Cette rivalité avec la Belgique est loin d ‘être récente : lorsque fut créé l’ Etat indépendant du Congo, propriété de Léopold II, la France marqua son accord à condition que figure dans l’acte de naissance du nouvel Etat un « droit de préemption ». Autrement dit, dit si l’EIC tombait en déshérence, la France aurait priorité pour y mener un entreprise coloniale. Cette clause visait à faire obstacle aux visées britanniques. En 1960, lors de l’accession du Congo à l’indépendance, le Ministre Couve de Murville rappela cette clause, soulignant que le consentement de la France était nécessaire pour que soit accordée l’indépendance du Congo.
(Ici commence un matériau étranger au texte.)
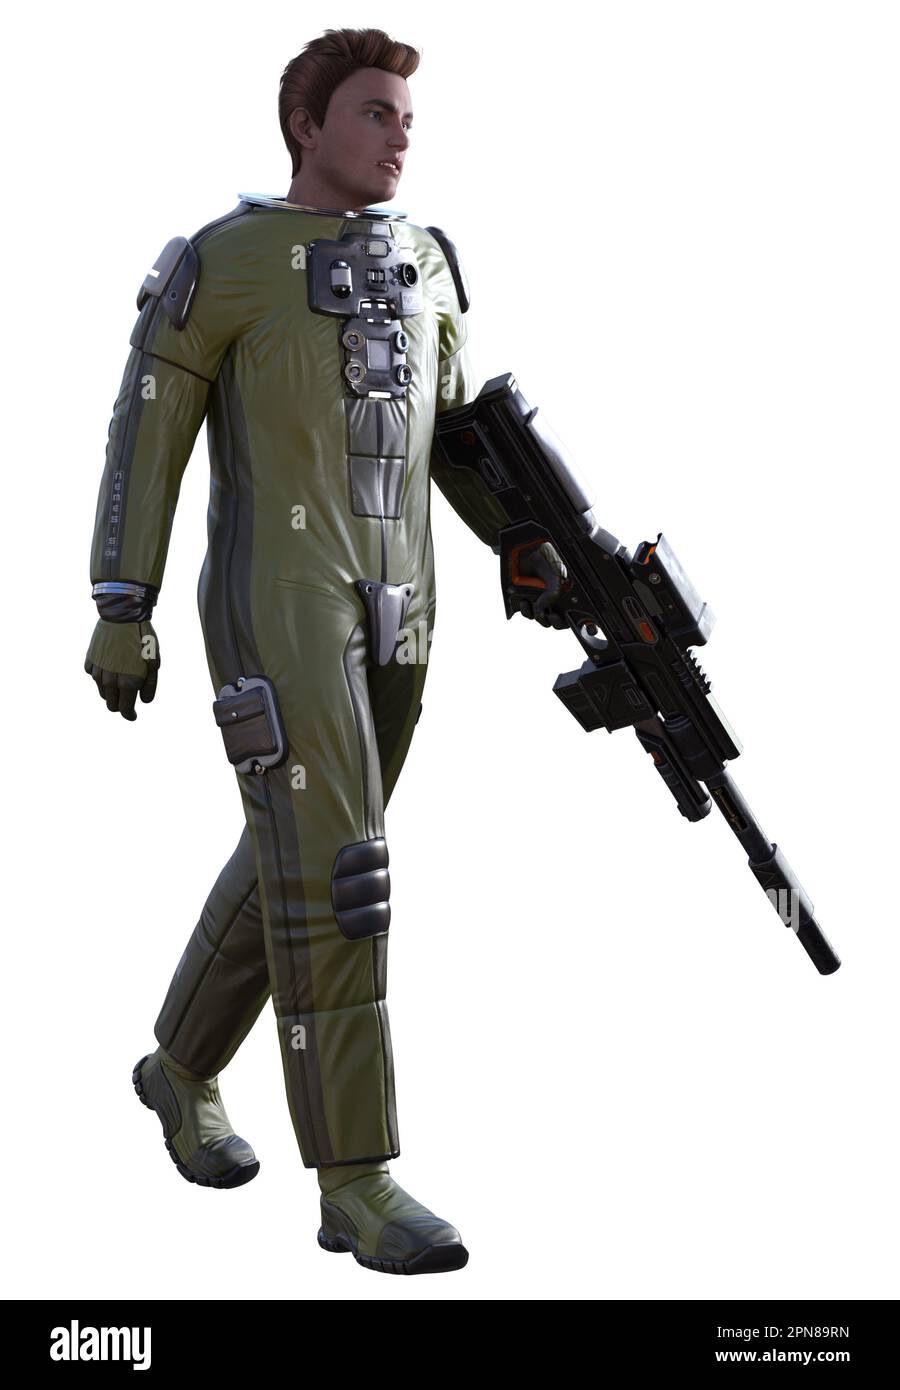 soldat de l'espace armé d'un fusil futuriste, rendu en 3d Banque D'Images

Les rapports entre la France et le président Mobutu évoluèrent au gré des relations avec la Belgique : la France s’offrait toujours pour prendre la relève lorsque Mobutu était en froid avec Bruxelles, une rivalité qui fut plus évide,te encore sur le plan militaire. Un seul exemple : lors des évènements de Kolwezi, en 1978, lorsque des troupes de rebelles congolais venues d’Angola avaient traversé la frontière au Katanga, les deux pays poursuivaient des objectifs différents : la Belgique voulait protéger ses ressortissants et les évacuer, les Français entendaient se porter au secours du régime, chasser les rebelles et s’affirmer auprès de Mobutu. Ce dernier, qui souhaitait provoquer l’intervention étrangère, avait permis (pour dire le moins) le massacre d’expatriés rassemblés dans une villa, ce qui avait précipité la décision d’intervention. Mais lorsque les Belges envoyèrent leurs avions militaires sur Kolwezi, ils ne reçurent pas les autorisations de survol escomptées, ni au dessus de la France ni au dessus des pays africains francophones et furent obligés de faire un long détour via l’Afrique du Sud. Et lorsqu’ils arrivèrent à Kolwezi, la légion avait déjà sauté, les militaires français occupaient la place et se positionnaient comme les sauveurs du régime Mobutu.